Детство, юность, молодые годы вставали перед Сабуровым при виде баварских лесистых холмов и долин, оживали времена наивных мечтаний, надежд, глупых планов возвращения на родину под охраной немецких пехотных дивизий и тяжелых артиллерийских батарей. С приходом Гитлера к власти русские эмигранты массами уезжали из Германии во Францию, из Берлина и других немецких городов в Париж, в Париж. Но отец Сабурова, связавший свою судьбу с генералом Красновым, с подобными Краснову сторонниками германской ориентации, не стронулся с места. «Да, они, немцы, всегда были врагами России,– говорил он упрямо.– Но в мире, как видите, все перемешалось. Сегодня главные враги русского народа – большевики. И уже то со стороны немцев будет их дружеским актом в отношении России, если они помогут русскому народу избавиться от большевиков». Отец презирал и Керенского с его малочисленным эсеровским окружением и Милюкова, который и в эмиграции воевал против монархистов, возненавидел он и Деникина, на старости лет принявшегося призывать русских эмигрантов к обороне отечества от немцев. «Все это болтуны, словолеи»,– ворчал он, сухонький, желчный, ежась в старом кожаном кресле перед камином в давно не ремонтированной, запущенной кобургской квартире. Он так и умер в этом кресле, не дождавшись похода немцев на Россию, возвращения в свой петербургский дом на Английском проспекте.
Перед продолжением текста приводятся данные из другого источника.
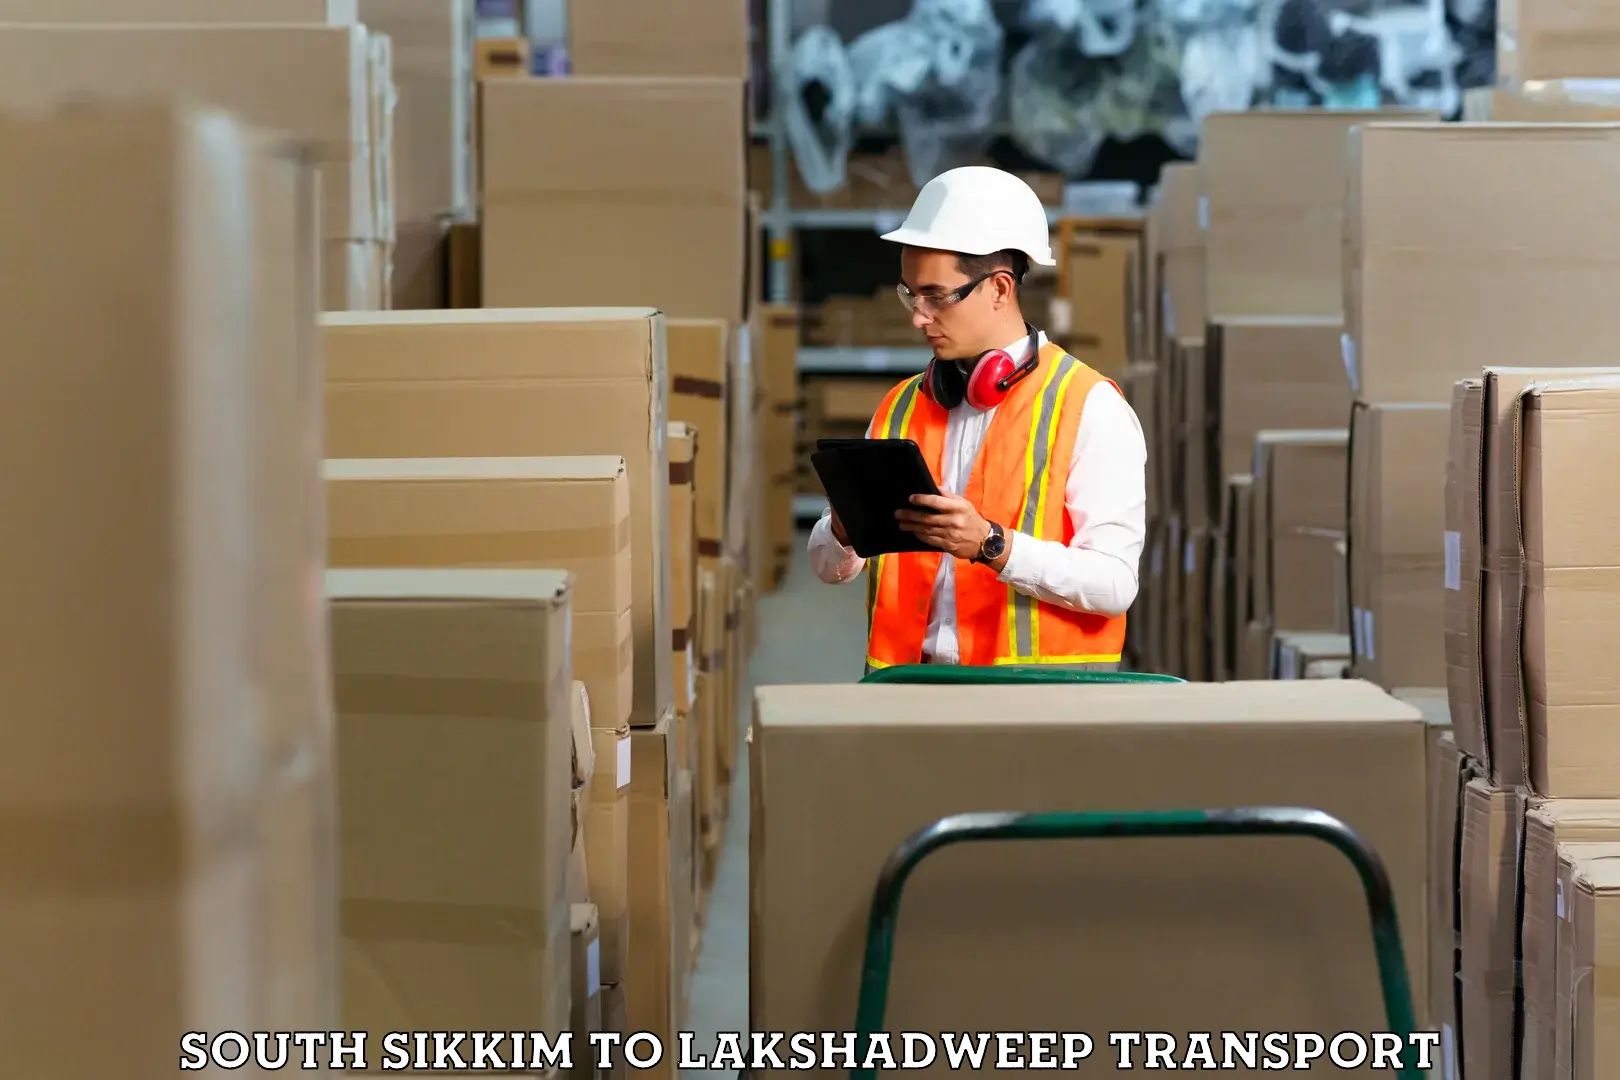 Daily parcel service transport South Sikkim to Lakshadweep

Бежали, неслись за вагонными окнами картины, обеспокоившие сердце Сабурова. Поезд подходил к Мюнхену. На одном из участков ремонтировали железнодорожный путь, и состав пустили по другой линии, в обход. Замелькали предместья баварской столицы, ее пригороды, окраины. Указывая на группу строений в густой, темной зелени, Клауберг сказал:
– Пуллах!
Для Сабурова это был звук пустой. Он пожал плечом.
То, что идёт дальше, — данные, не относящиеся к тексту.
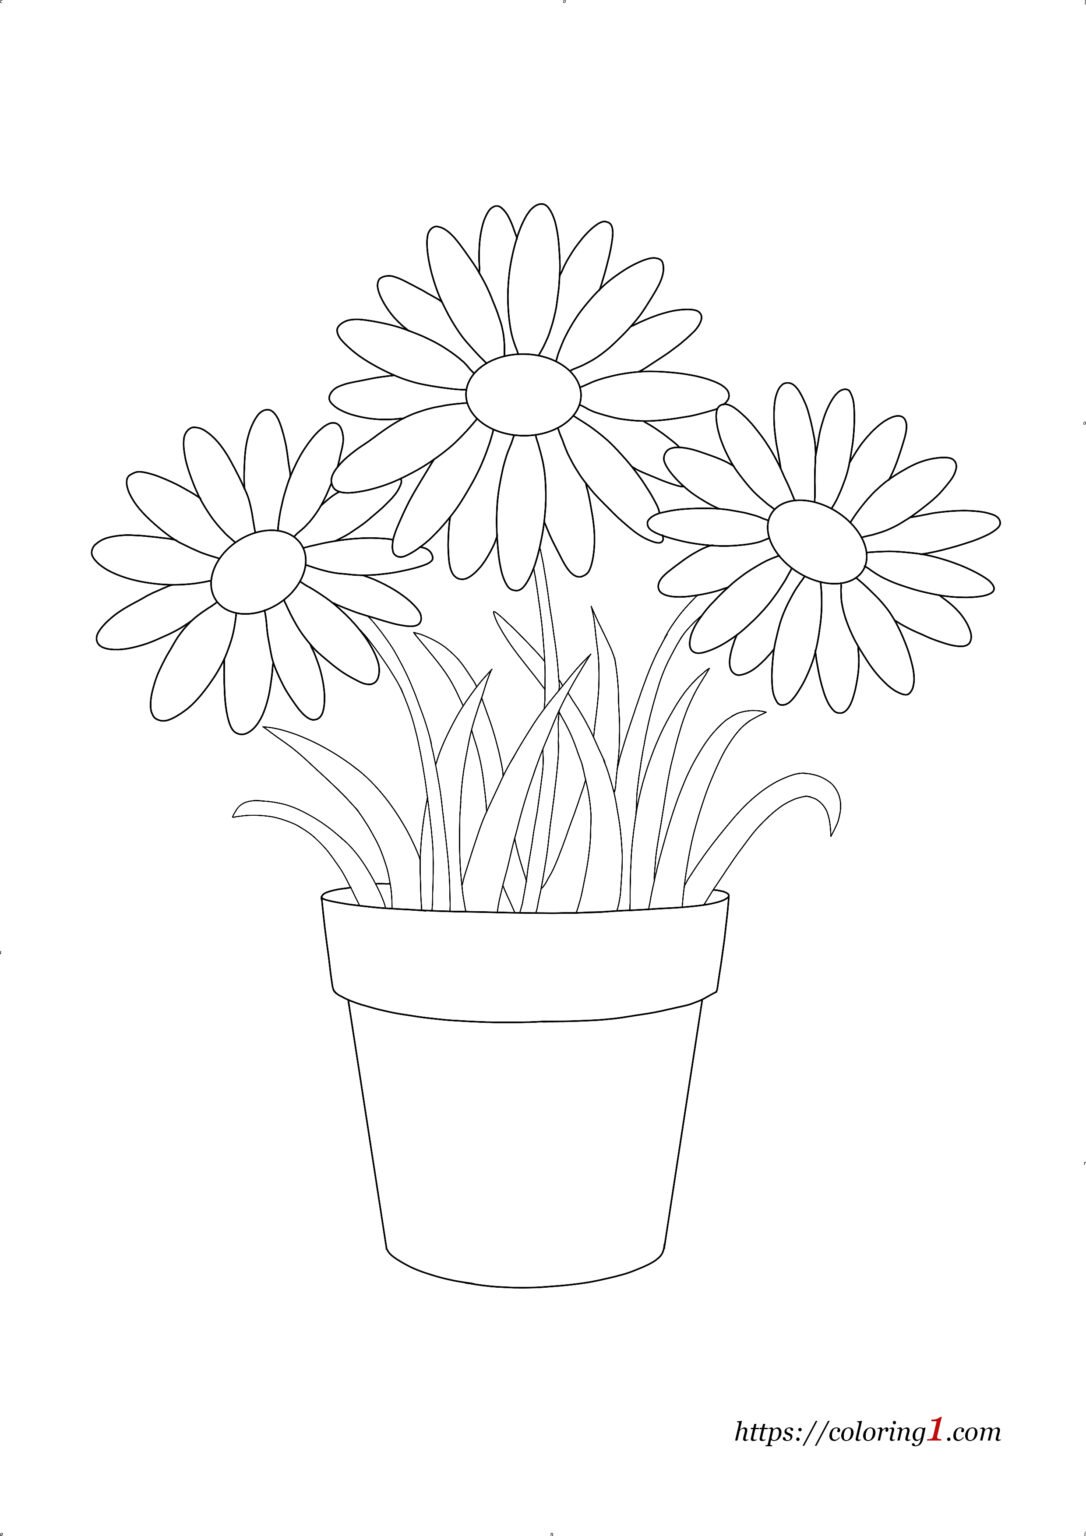 Daisy Flower Coloring Pages - 2 Free Coloring Sheets (2021)

– Чудак! – пояснил Клауберг. – Здесь центр разведывательной службы ФРГ. Бундеснахрихтендинст! До выхода генерала Гелена в от ставку ты мог бы встретить его в одном из этих зданий. Вон, видишь, крыши?
– А сейчас кого бы встретил?
– Генерала Герхарда Весселя. Старые боевые силы Германии! -
Клауберг сделал такой жест, будто поправляет рукой невидимую портупею и кобуру с пистолетом на поясе.
Они вместе принялись вспоминать детство, молодость, расчувствовались, пошли в вагон-ресторан, заказали бутылку рейнского, и в конце концов Клауберг предложил:
– Петер… тьфу, черт побери!… Умберто! Давай-ка сойдем в Нюрнберге да скатаем автомобилем в Кобург?! Сотня километров. Пустяк.
А то, кто знает, будет ли еще подходящий случай.
Сабуров согласился. Они сняли две комнаты в ближайшей от вокзала нюрнбергской гостинице, наняли автомобиль с шофером и менее чем через два часа были в Кобурге.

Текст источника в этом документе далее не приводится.